# D1: Matchup #1 Antonio Davis vs. Dale Davis



## Knick Killer (Jul 16, 2006)

*Antonio Davis*









*VS.*

*Dale Davis*​


----------



## Auggie (Mar 7, 2004)

ouch. too bad a Davis brother has to go in the first round...I loved them both so much back then, though Dale was starting, Antonio was still getting about the roughly same minutes and producing the same. They were both the muscles of the team but if I had to choose its gotta be Dale. He made an all star team with us in 2000 and went to the Finals with us (and that happend after Antonio was traded, although we really missed AD against the Lakers).

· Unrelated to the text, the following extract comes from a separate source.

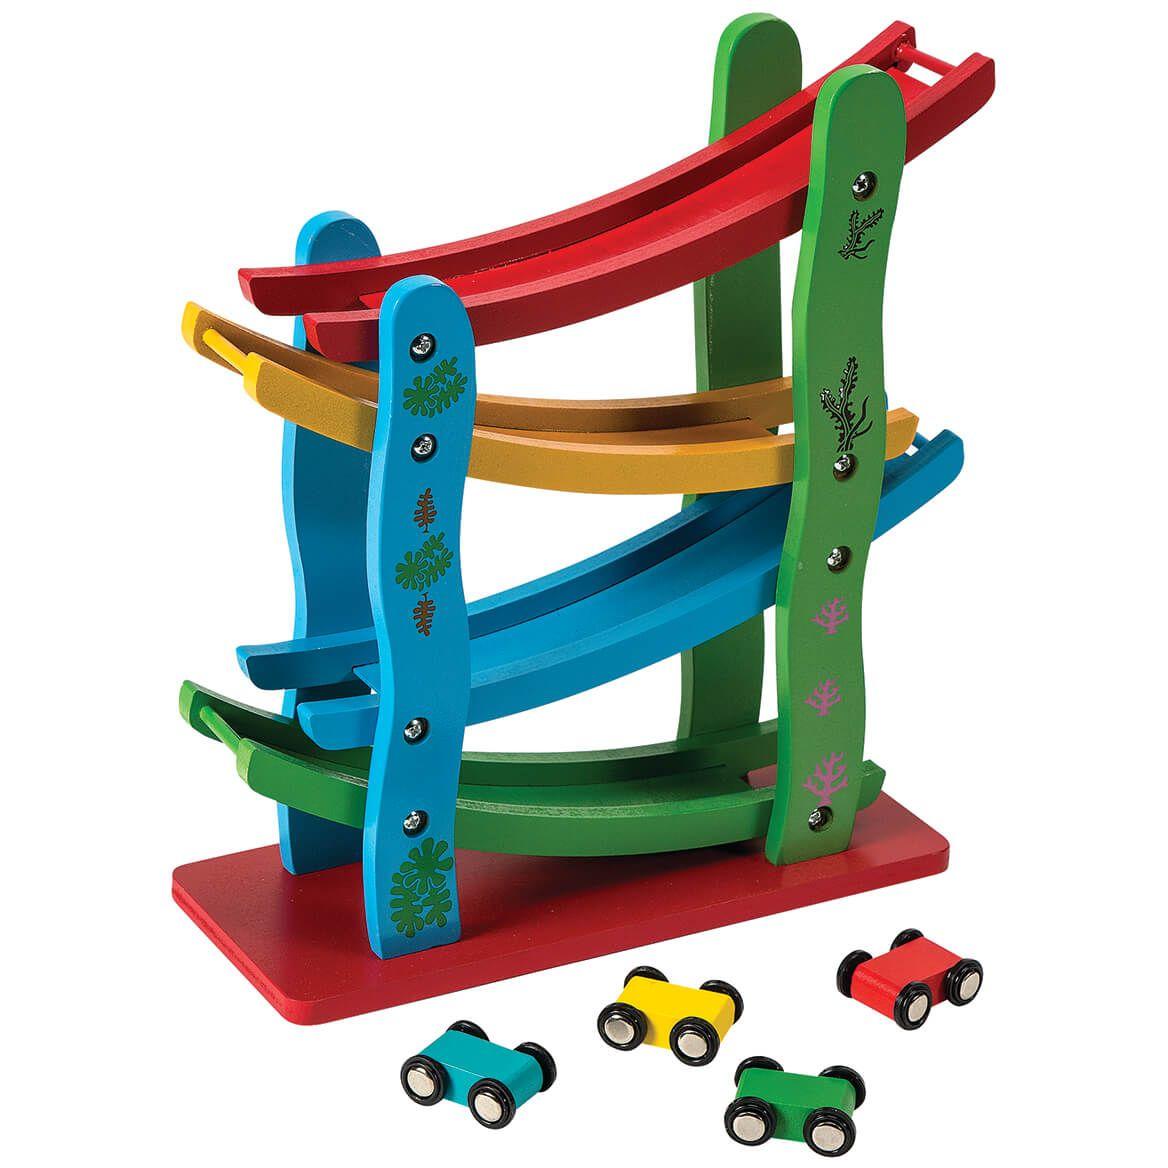 Miniature Wood Car Track-372169

Dale eventually got us JO and was a big factor in us making the playoffs in Reggies final season after JO got injured again. I choose Dale


----------



## R-Star (Jun 13, 2002)

Dale. Pretty hard pick though.


----------



## Pacers Fan (Aug 25, 2002)

Dale. I almost voted for Antonio because Dale left for the Pistons, but Dale did make the all-star team and was part of the 2000 NBA Finals team.


----------



## StephenJackson (Oct 28, 2004)

I will always remember that 4 point with AD and Larry Johnson. Dale it is.


----------



## Pacersthebest (Aug 6, 2005)

Dale but hard choise.


----------